Olson also perceived this week’s regulatory update as “clear collaboration between TXMD and the FDA to achieve a common goal of delivering the safest and most effective VVA treatment to patients.” The analyst substantiated this claim by citing TXMD effort to “proactively cooperate by voluntarily abandoning the 25 mcg dose and drafting a post-approval safety study protocol.” Olson also pointed to the June update to the NAMS position statement as evidence of “growing support from the medical community”.

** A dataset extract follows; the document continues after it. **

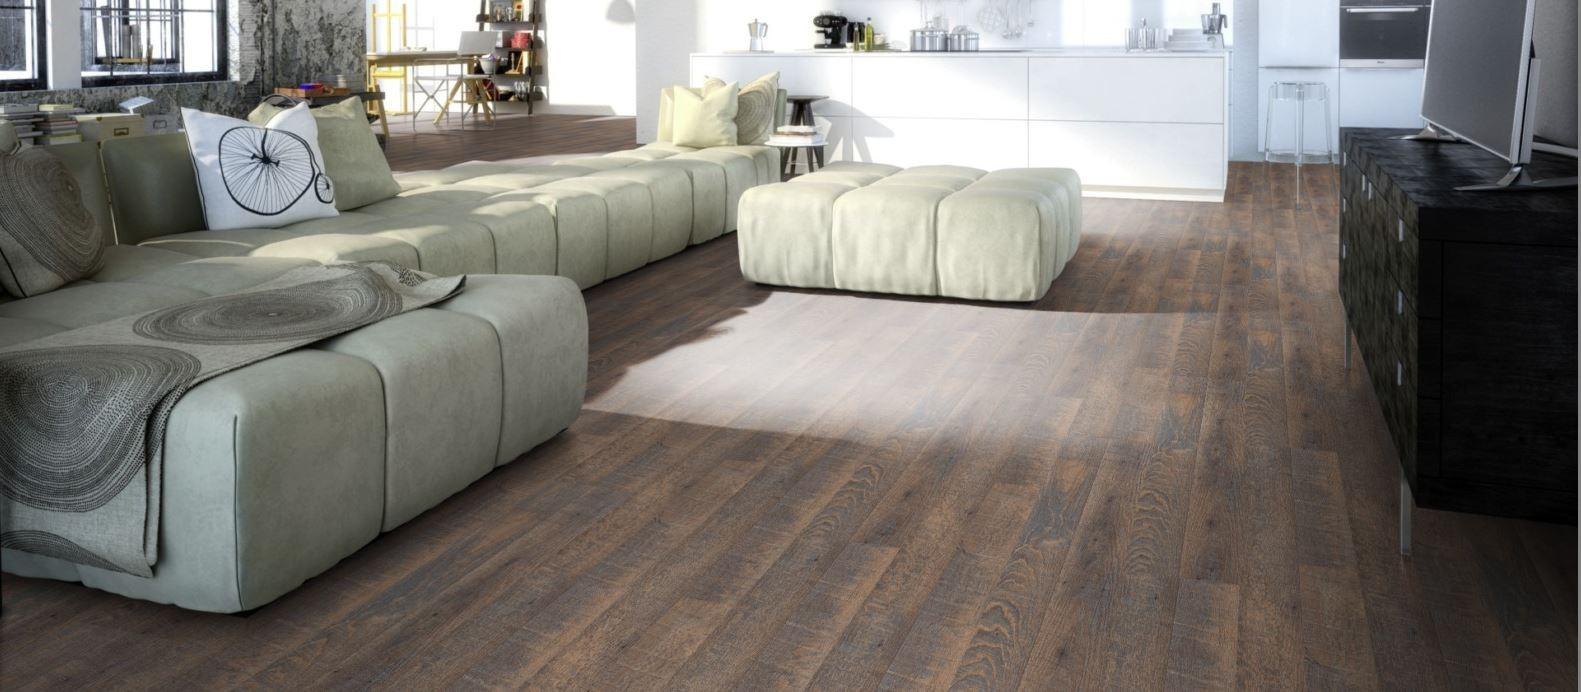 klick vinylboden project hickory ns 0 5 mm nk 33 42. Black Bedroom Furniture Sets. Home Design Ideas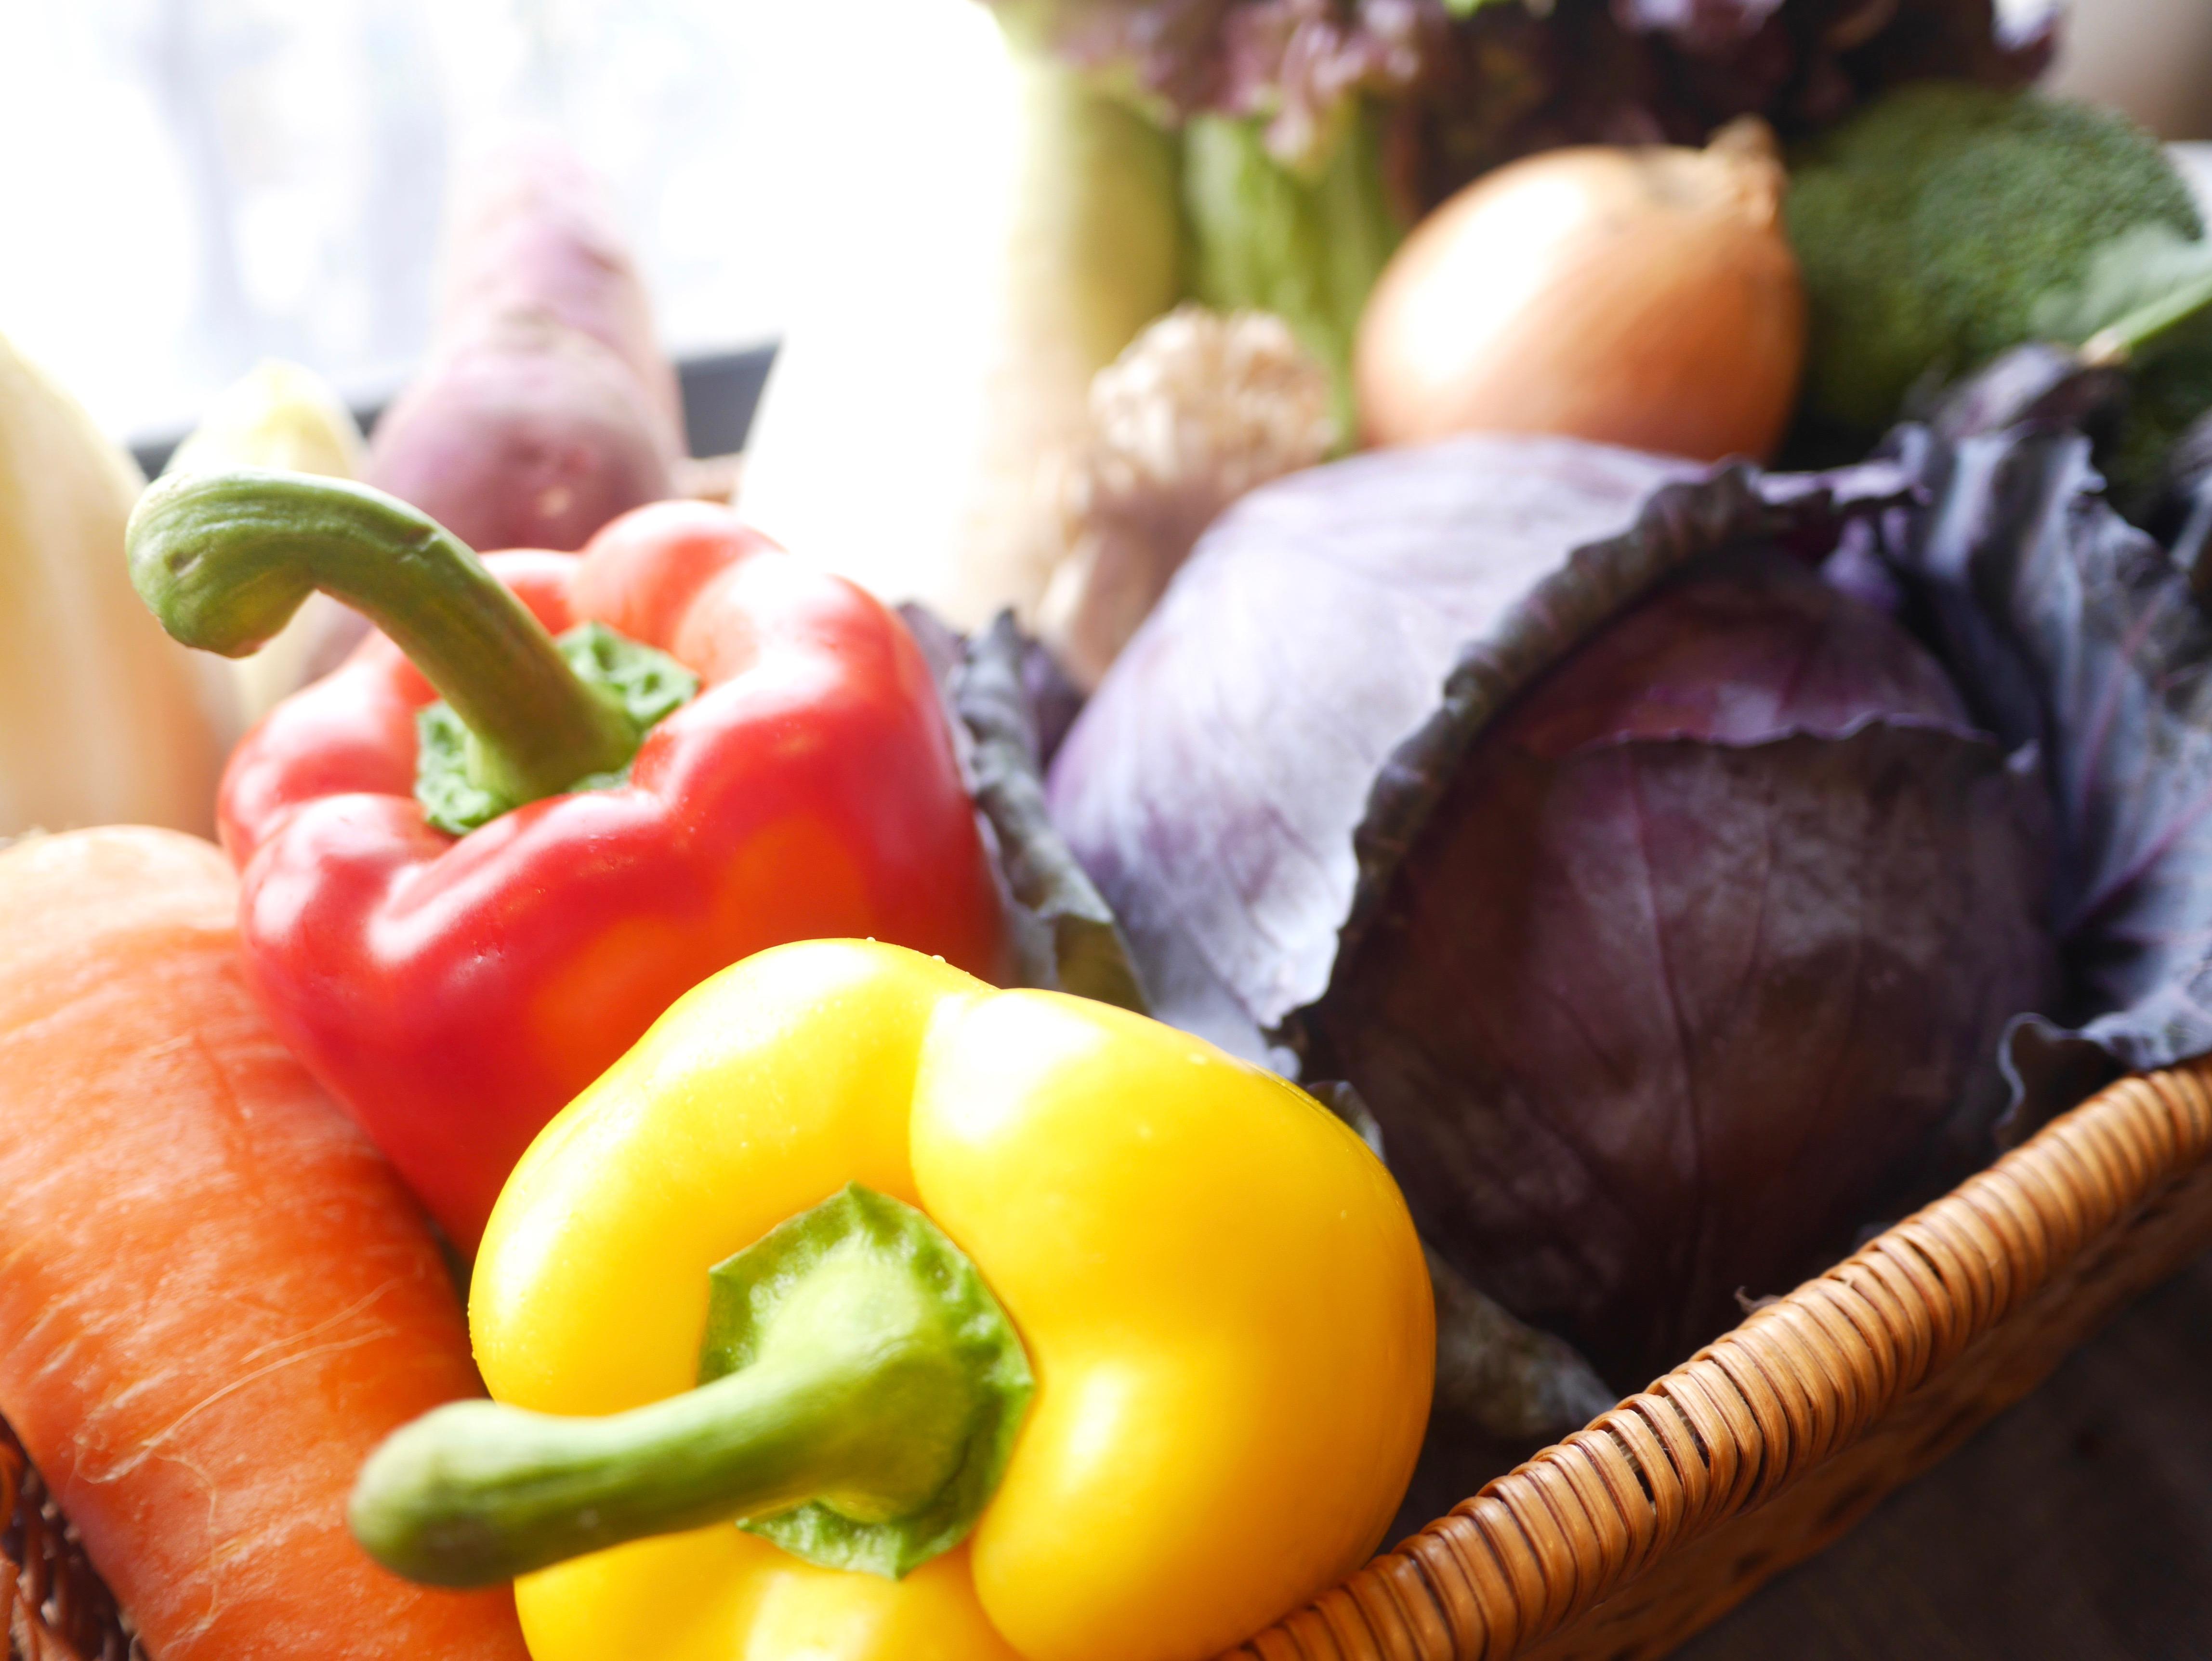 毎日届けられる新鮮な野菜

The analyst believes that the TX-004HR is on track and that he is “optimistic about TX-001HR based on REPLENISH, which showed positive efficacy results for the 2 higher doses combined with clean safety including no incidence of endometrial hyperplasia or malignancy.”
Although a bit conservative compared to the street, the analyst reiterates an Outperform rating for TXMD with a $10 price target representing a 90% upside from current levels.
TipRanks analytics indicate TXMD as a Strong Buy. Out of 5 analysts polled by TipRanks in the last 3 months, all are bullish. The consensus target price stands at $19.50, revealing a 270% upside from current levels.